/api/transactions/locker/download
GETDownload CloudCoins from a RAIDA locker using a string locker key. Executes two-phase protocol: Peek to view coins, then Remove to download with new ANs.
Description
The /api/transactions/locker/download endpoint downloads CloudCoins from a RAIDA locker and automatically grades them into the appropriate folder (Bank, Fracked, or Counterfeit). This endpoint implements a secure two-phase protocol:
- Peek Phase (0x0853): Queries all 25 RAIDA servers to retrieve the list of coins stored in the locker (denomination + serial number pairs). Requires 13+ successful responses for cloud consensus.

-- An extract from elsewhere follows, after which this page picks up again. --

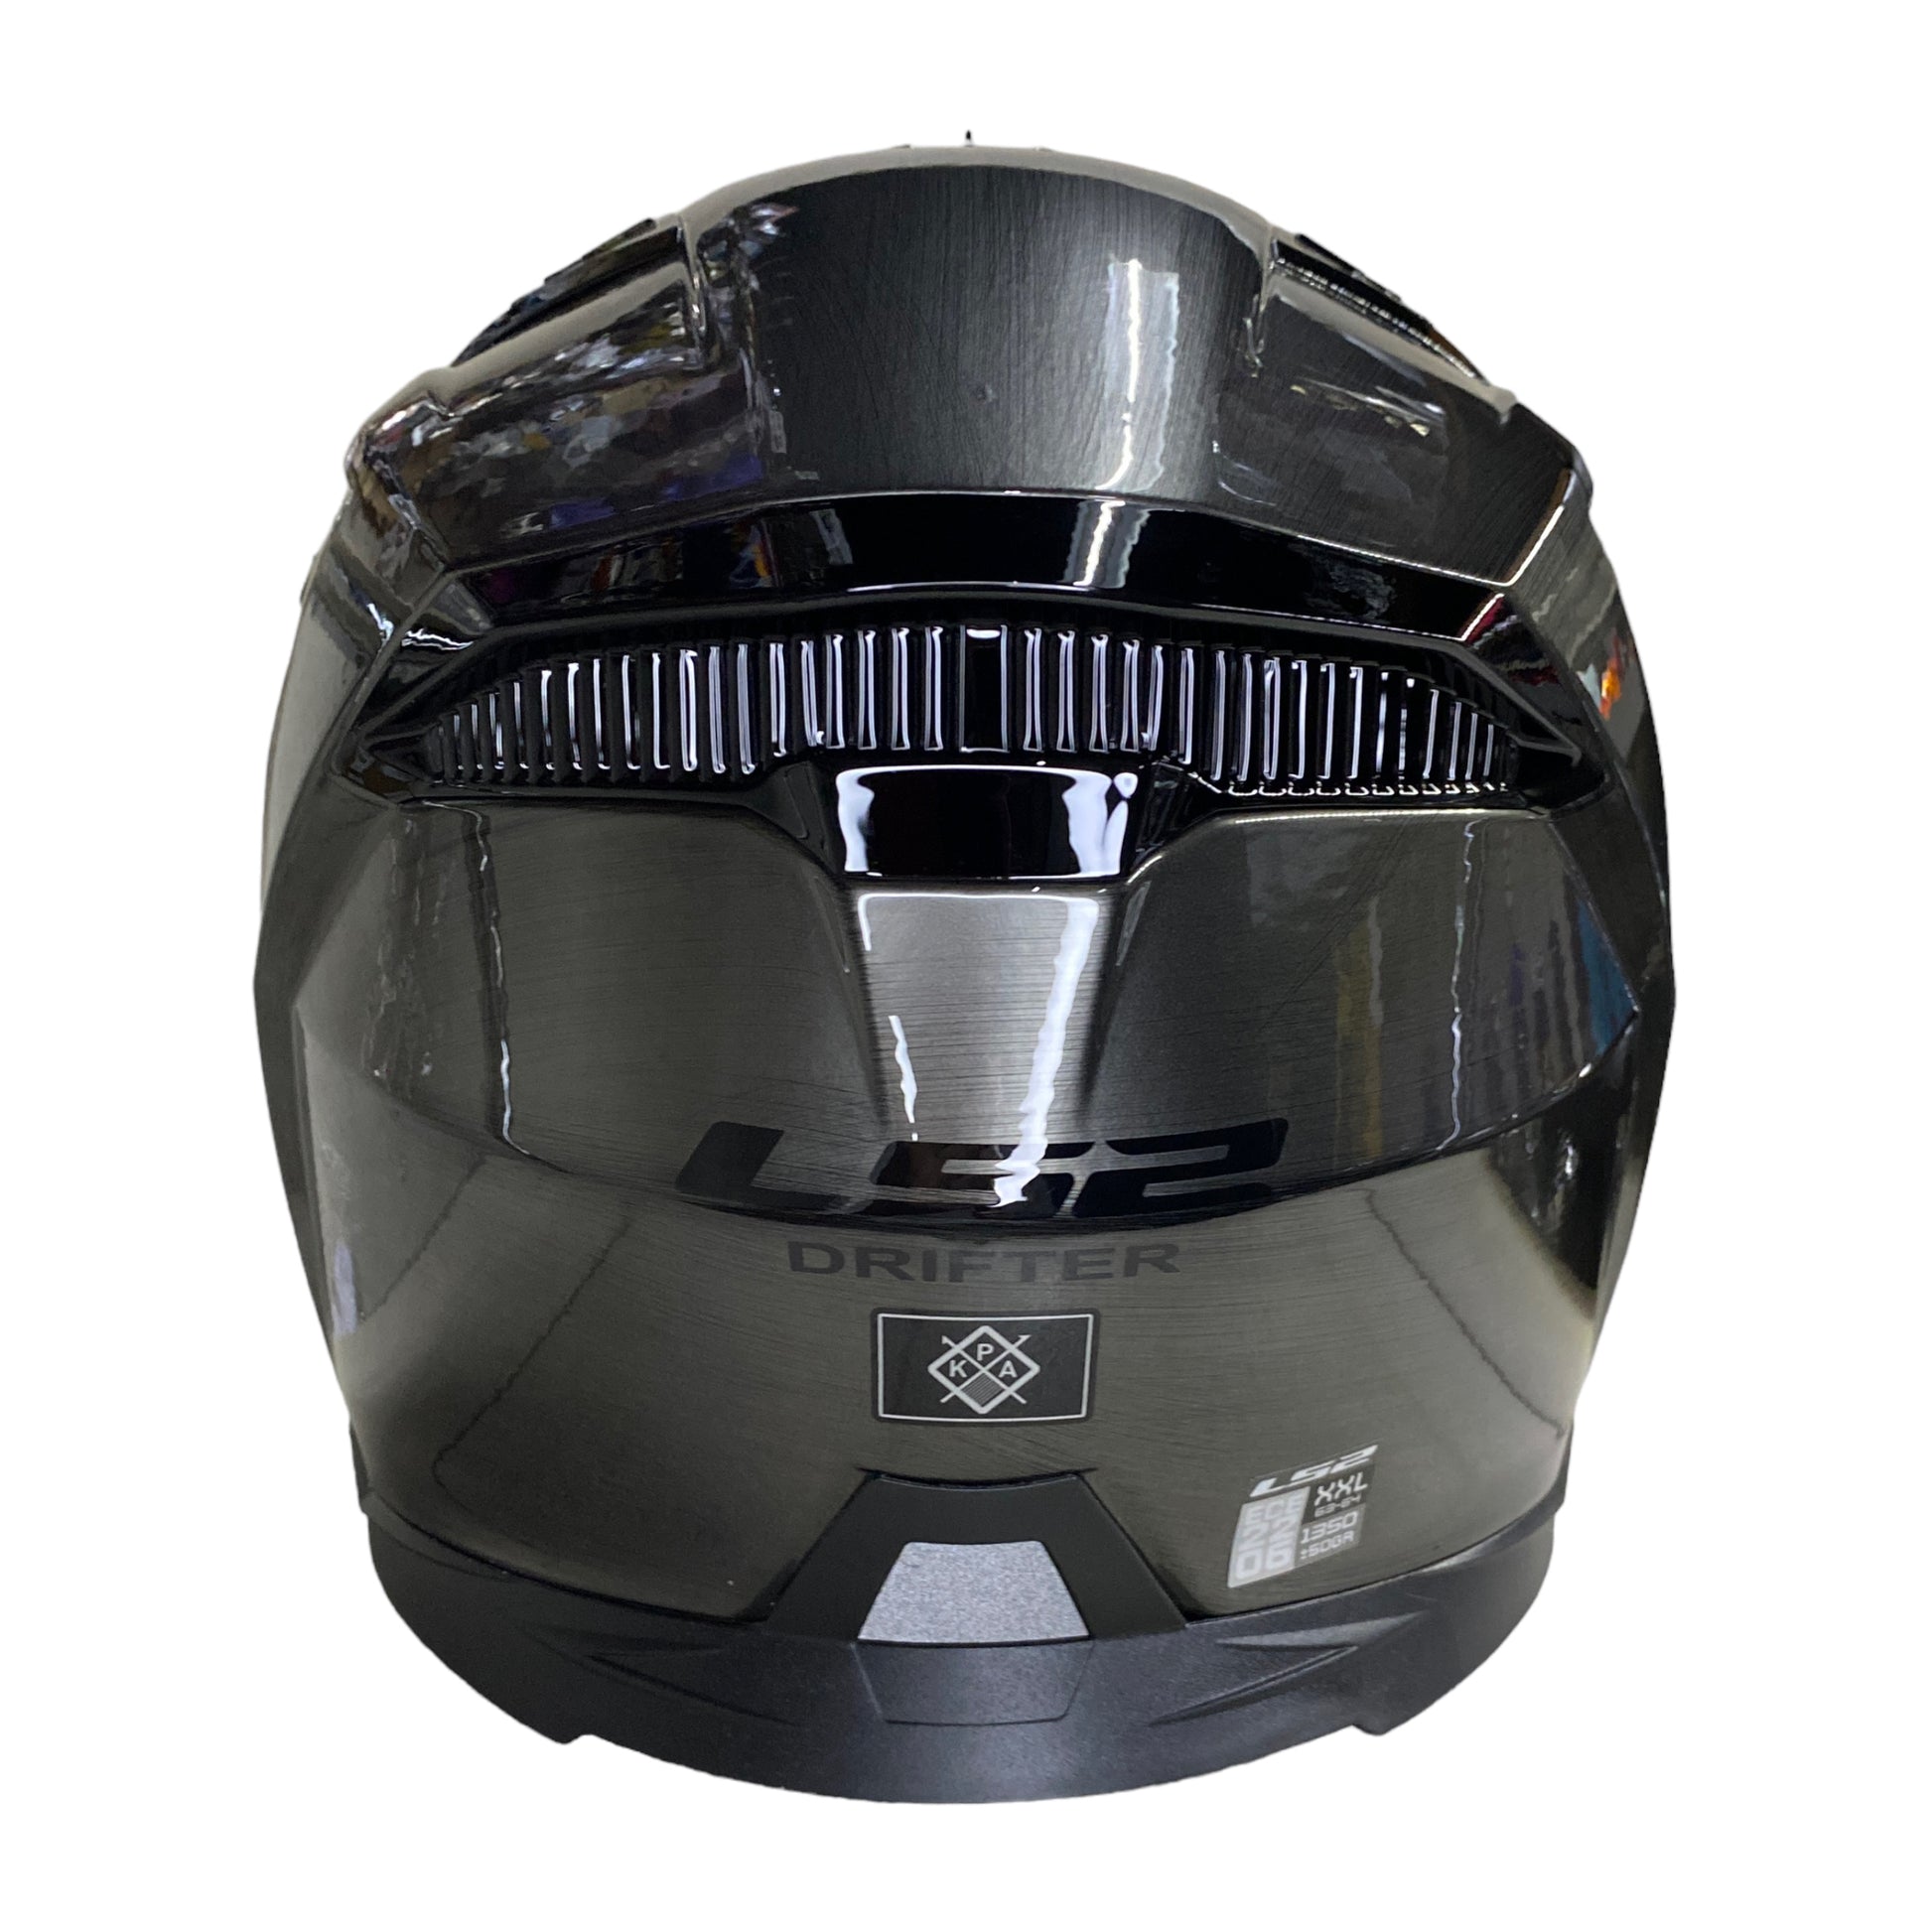 LS2 Helmets Costa Rica - Un casco modular diseñado para viajes en  motocicletas deportivas o de turismo, con características que han sido  desarrollados con la mejor tecnología. • Certificación: ECE 22.05 •

- Remove Phase (0x0854): Downloads the coins from the locker with newly generated random Authenticity Numbers (ANs). The old locker ANs are discarded, transferring ownership to the downloader.
Downloaded coins are automatically graded and moved to the appropriate folder (Bank, Fracked, or Counterfeit) based on POWN results from the Remove operation.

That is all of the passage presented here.